**TASK DESCRIPTION**
Once you find the line with "Zalakaros_House2_App4" in the listing below, please repeat it and every later line exactly, through the last one, without pictures.

**DATASET EXCERPT**
##########

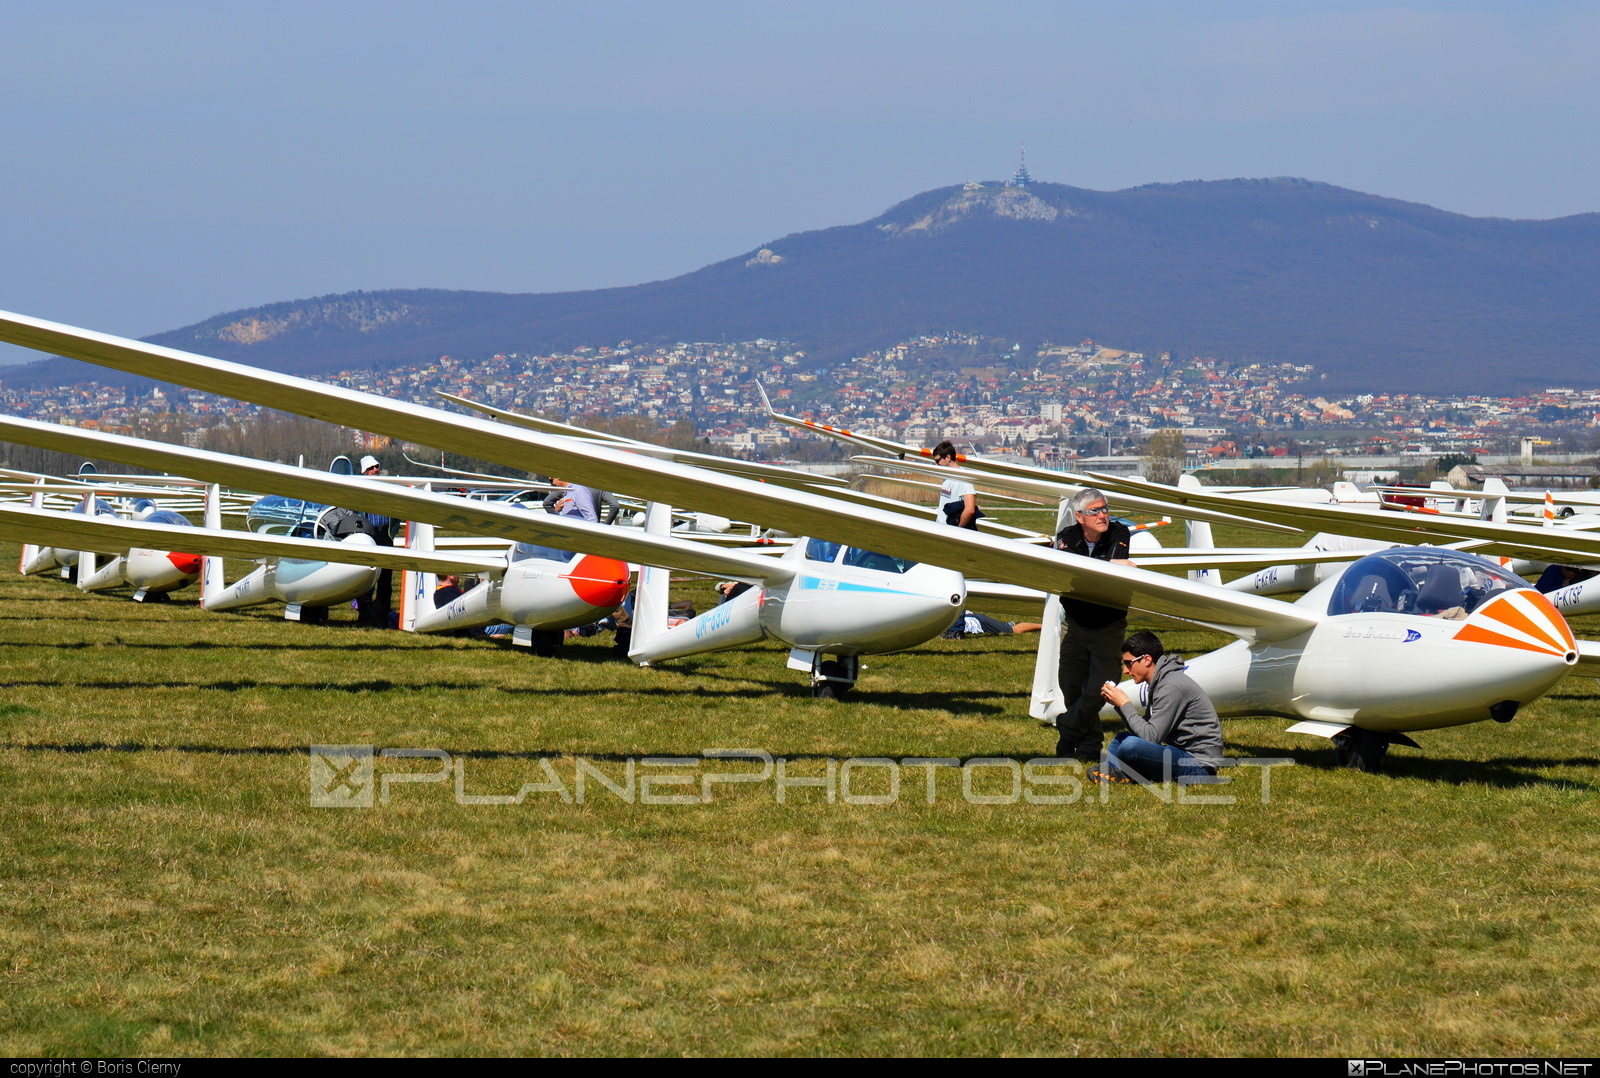 DG Flugzeugbau DG-1000T - OM-8800 operated by Slovenský národný aeroklub (Slovak National Aeroclub) #dgflugzeugbau
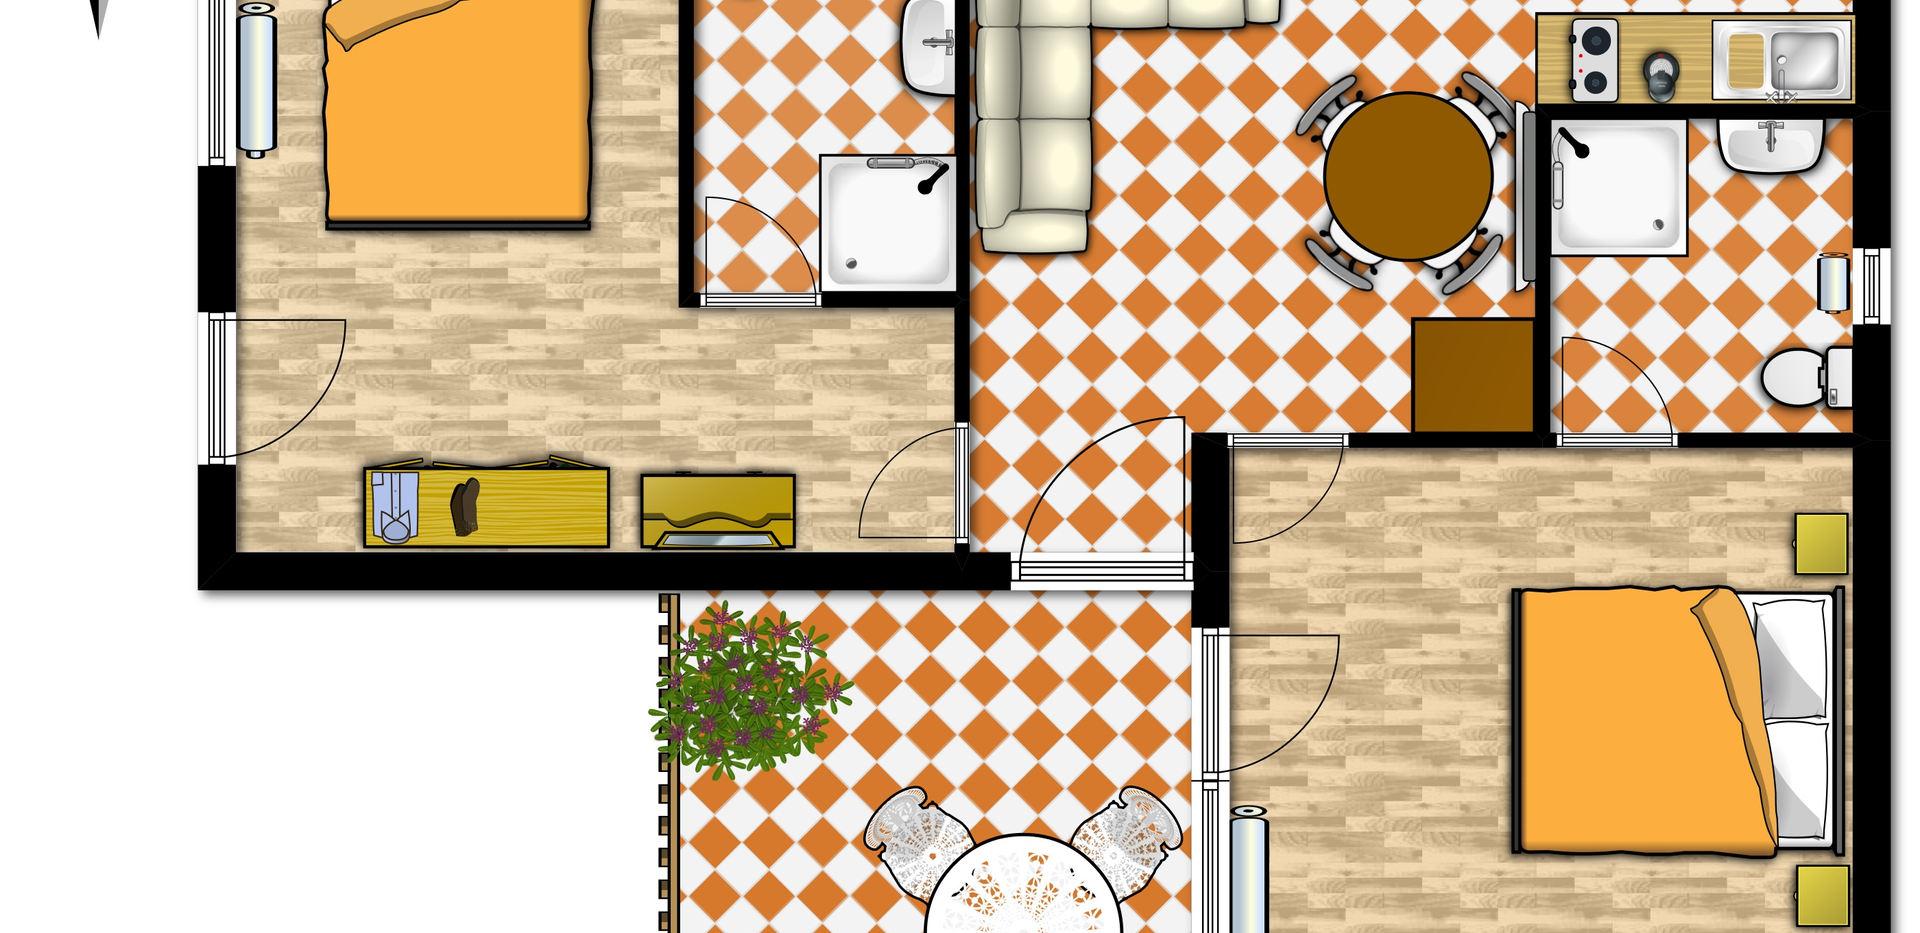 Zalakaros_House2_App4
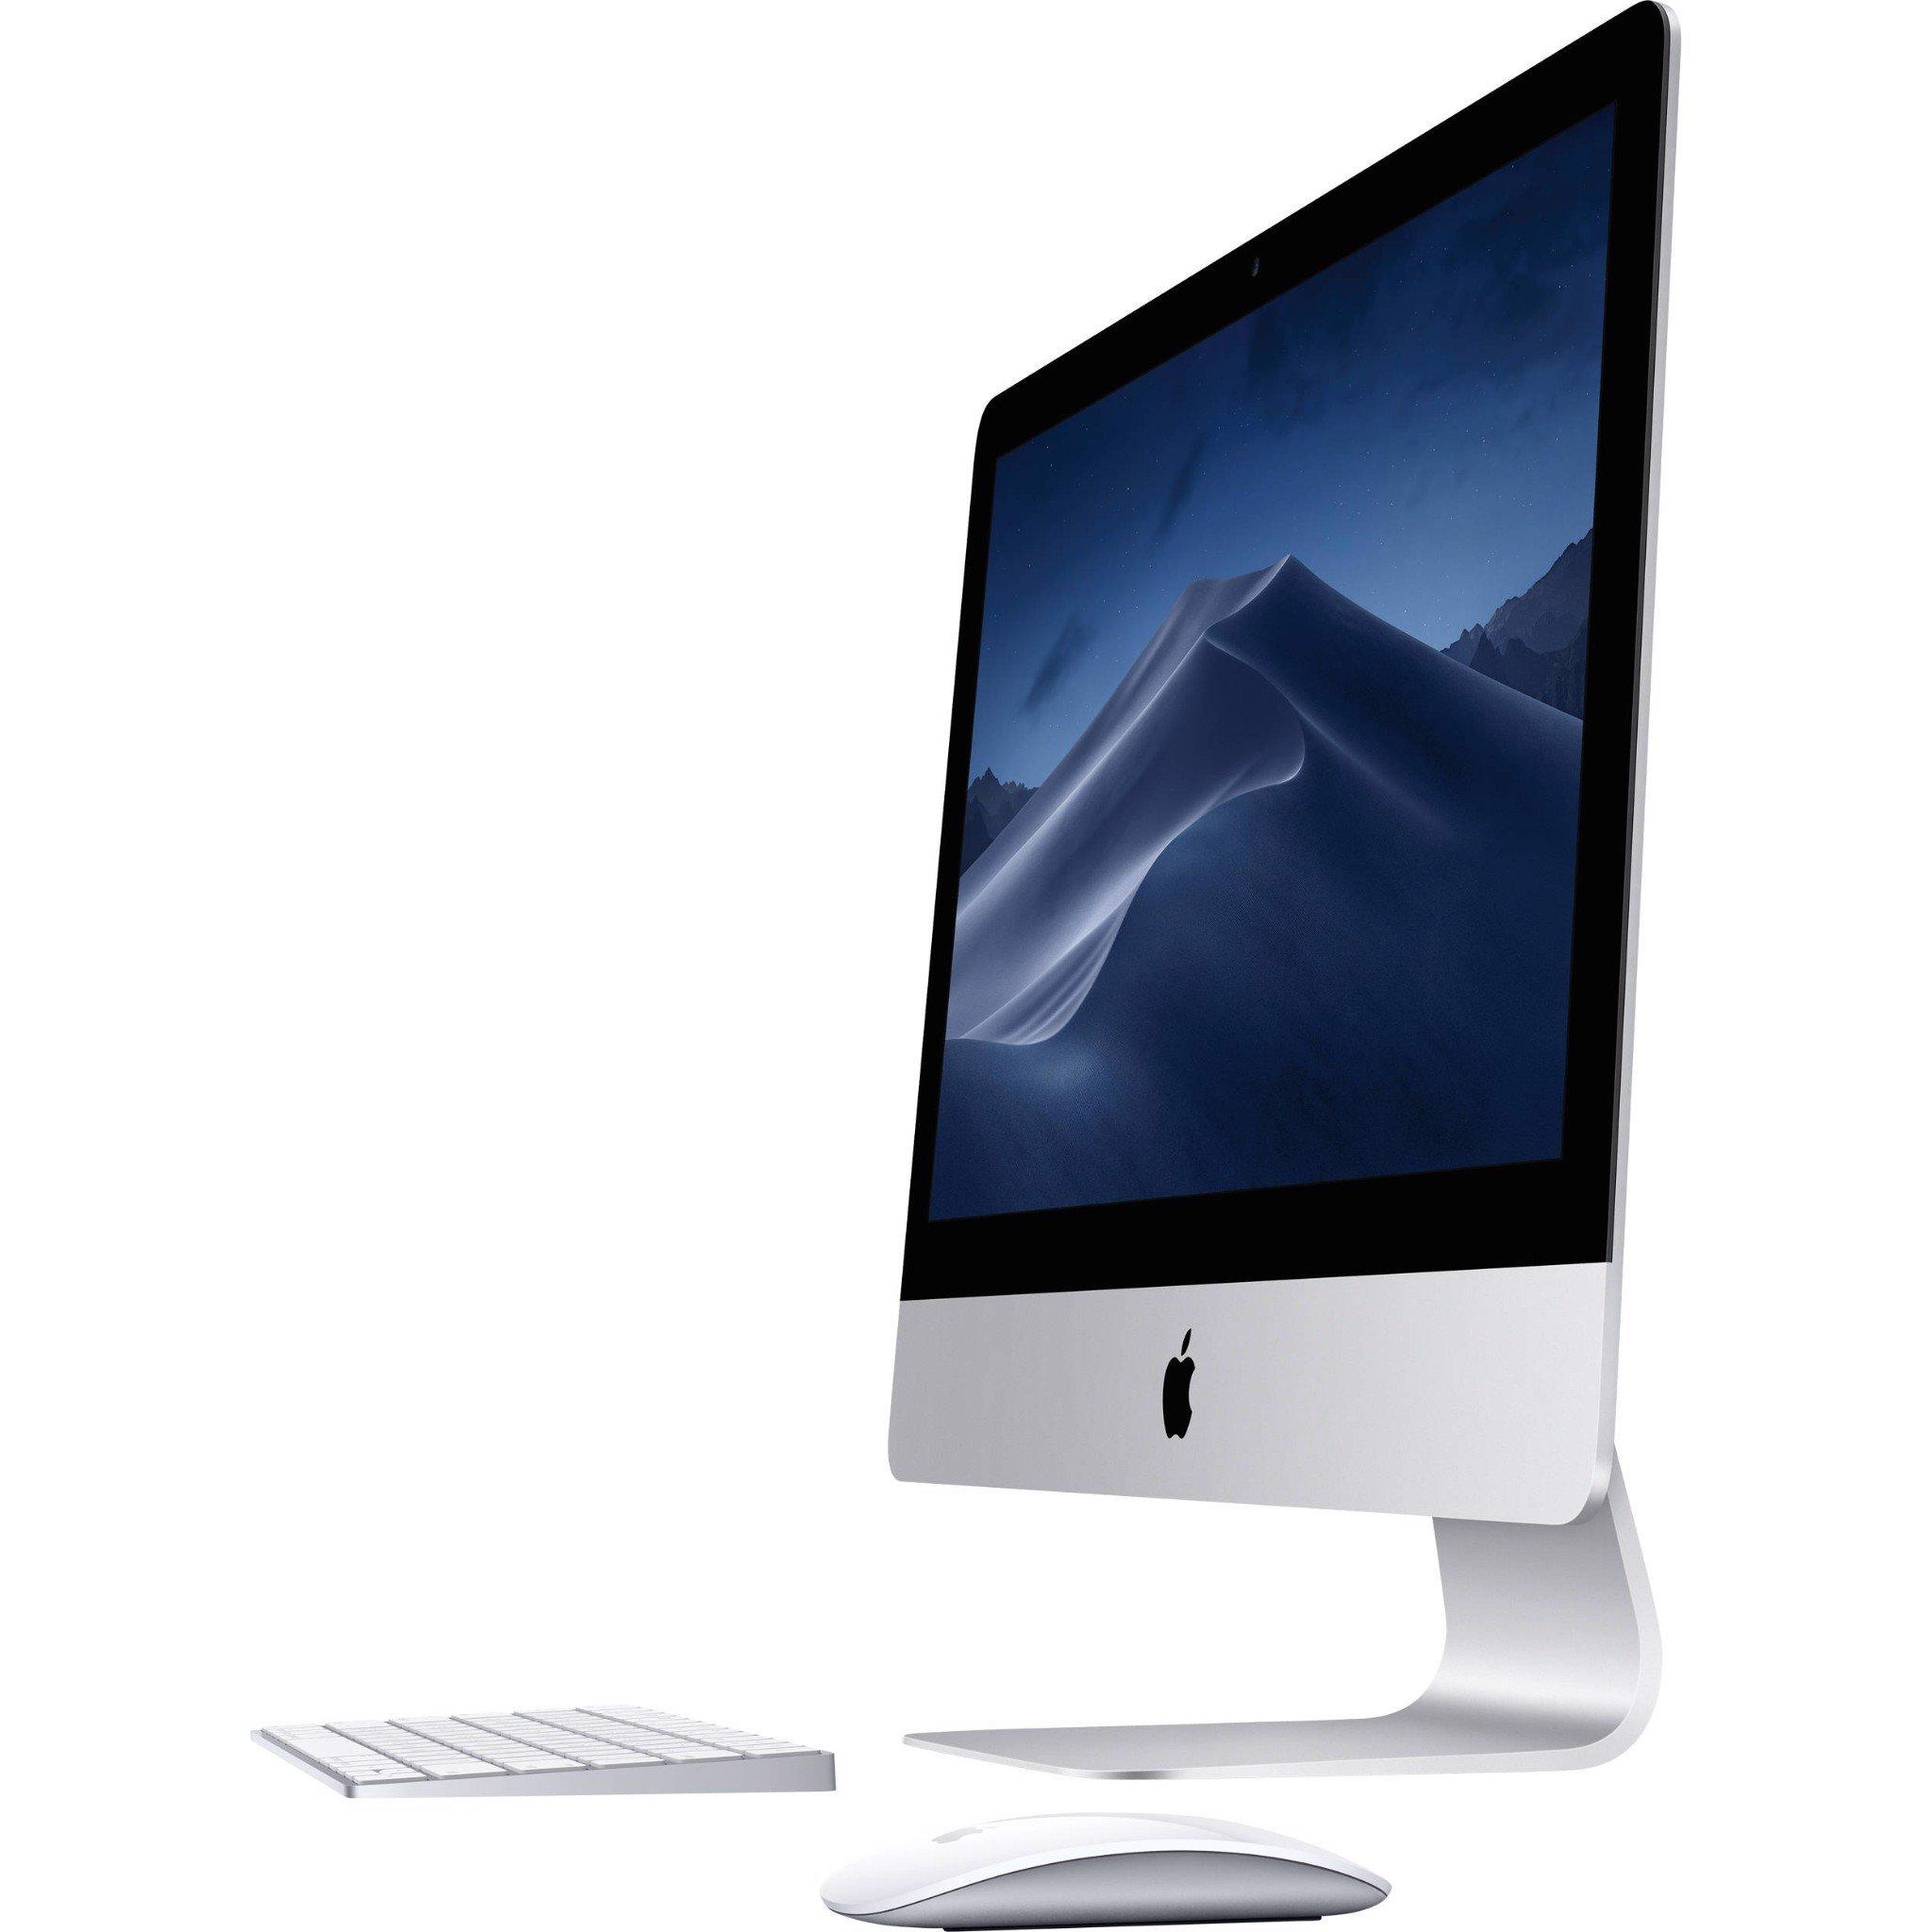 apple_z0vy_mrt42_01_21_5_imac_with_retina_1468511_3358e781653d4396ba9518ae59bff775_master.jpg

##########

**FINISHED EXERCISE**
 Zalakaros_House2_App4
 apple_z0vy_mrt42_01_21_5_imac_with_retina_1468511_3358e781653d4396ba9518ae59bff775_master.jpg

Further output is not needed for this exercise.